When I was a child, we often sang the old hymn, Lord, Send a Revival. While we would sing the hymn at other times of the year, it was most usual to sing it leading up to or during our annual revival meeting. I know some of you won’t recognize that event called revival, but many of you will.

Revival was a time set aside to pray and seek God’s face. Prayer took a higher priority during these revival times. Christians would cry out to God for a spiritual cleansing in our lives and the church. There would be a prayer list of lost people in the community who we longed to see come to Christ. Church members would often meet in cottage prayer meetings (OK, home groups), and tears were often shed as we cried out for revival and souls.

Churches rarely, if ever, hold revival meetings anymore for dozens of reasons or excuses depending on your perspective. Whether we utilize the methodology of the past or not does not change the deep need for God to bring a fresh cleansing and move among us. Indeed, I would suggest that the need is greater than I have seen in my lifetime.

In fact, I would go so far as to say we are past the need for revival. Spiritual awakening in our churches, state, and nation is greatly needed. I could take up considerable space cursing the darkness and enumerating the reasons why we don’t just need revival in a few churches here and there, but that we need an awakening that shakes our nation. For my readers, I don’t think I need to press the point—you already know.

I deeply appreciate our Southern Baptist Convention President Ronnie Floyd calling us to “Join the Movement.” He is asking us to join him in praying for spiritual awakening. He states, “While this world is experiencing multiple crises and our own nation has a few of its own, our greatest crisis is spiritual. Each born-again, evangelical believer should be praying daily for our nation to experience a spiritual awakening…We need the mighty manifested presence of God in our lives…We need the mighty manifested presence of God and His glory all over the church. When we are experiencing these moments with God, by His Sovereign grace, we pray our Lord gives our nation a Great Awakening.”

We often decry the remarkable speed of decline in the moral and ethical breakdown of our culture, but in truth, the salt has lost its saltiness. The hope for the nation is a revived, no, awakened church—a church where holiness is not a forgotten concept, a church not based on convenience but commitment. The answer for the culture is an awakened and revived church; a church where the Holy Spirit moves with power in cleansing of saints and conversion of sinners.

More than 100 years have passed since there was a sweeping nationwide awakening. Greg Frizzell, Baptist General Convention of Oklahoma (BGCO) prayer and spiritual awakening specialist, suggests that if we experienced an awakening of the magnitude of the past, we would see as many as 30 million new believers flood our churches. That number seems unimaginable, but with God, all things are possible. Just remember, our God is not reluctant. He longs to send awakening upon a people who are ready to receive.

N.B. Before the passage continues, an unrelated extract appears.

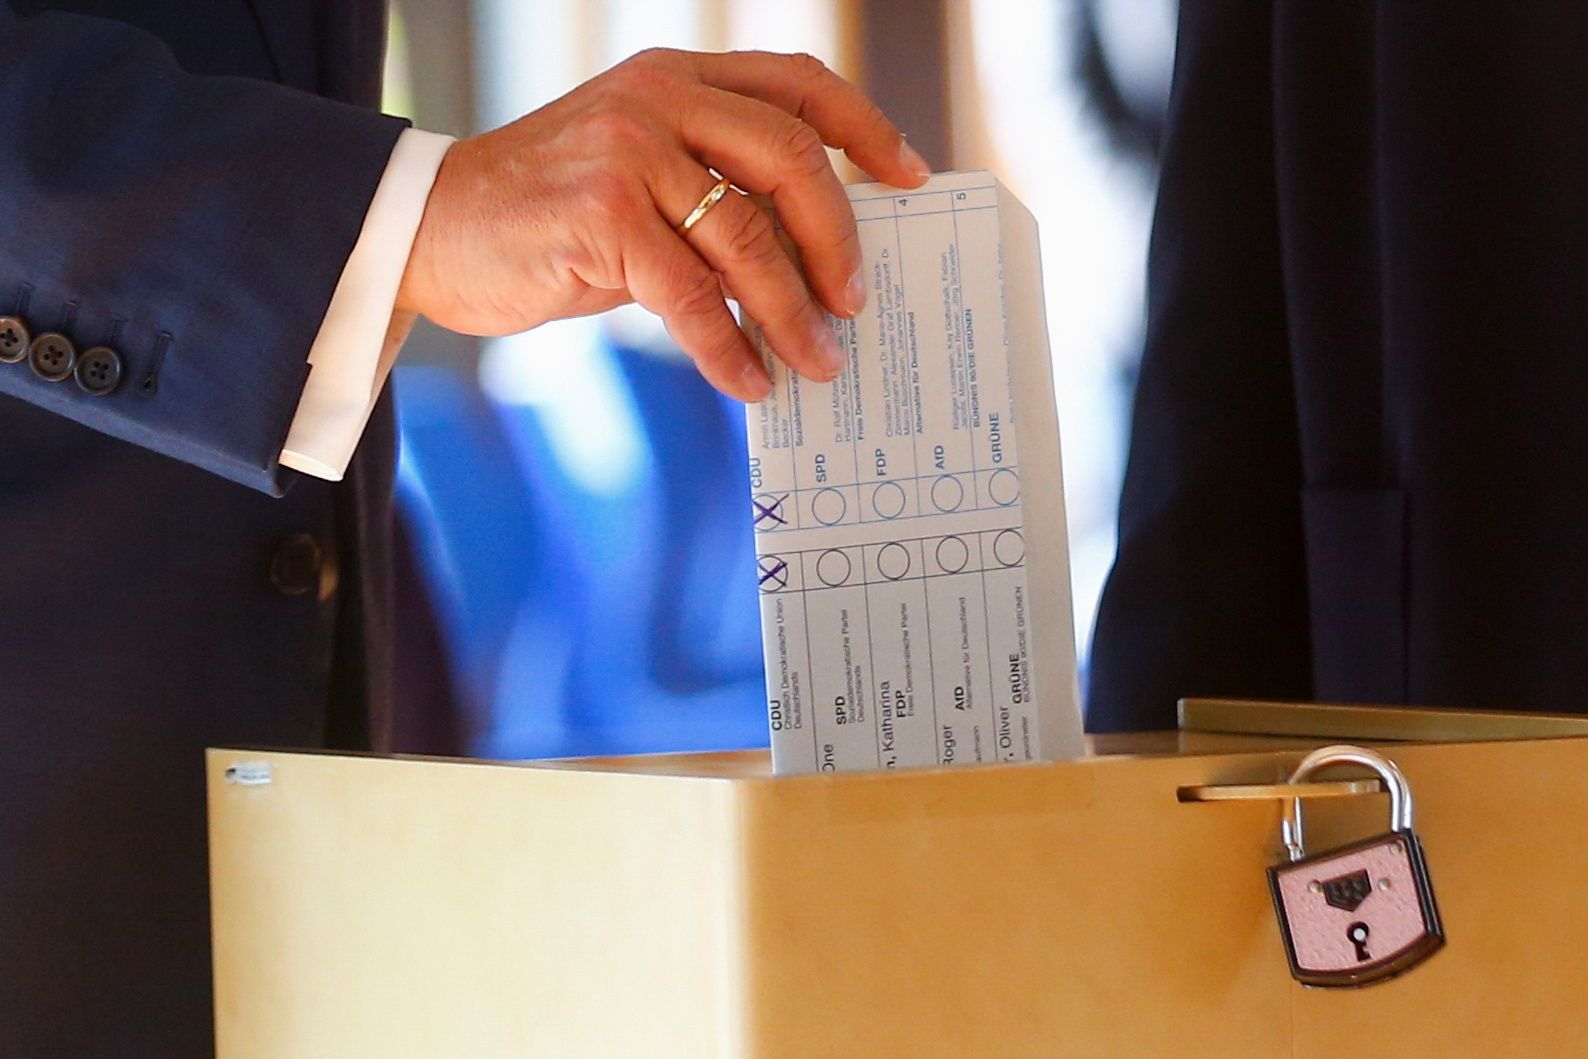 Der Vorsitzende der CDU war nachlässig.  Er hat die Stimmzettel nicht vertuscht und gegen die Wahlregeln verstoßen

Our BGCO President, Nick Garland, and I are calling for a day of prayer and fasting for an awakening in our churches, state, and nation. On Oct. 20, we are asking for pastors and church staff to join us at Moore, First to pray and fast for an awakening. Most of all, we are to lift our voices in unison for God to begin revival in the leaders. Our cry will be, “Lord, send a revival and let it begin in ME!”

All of us can dedicate Oct. 20 as a day of prayer and fasting. I ask you to encourage your pastor and staff to join Nick and me at Moore, First for a unified time of extraordinary prayer and fasting.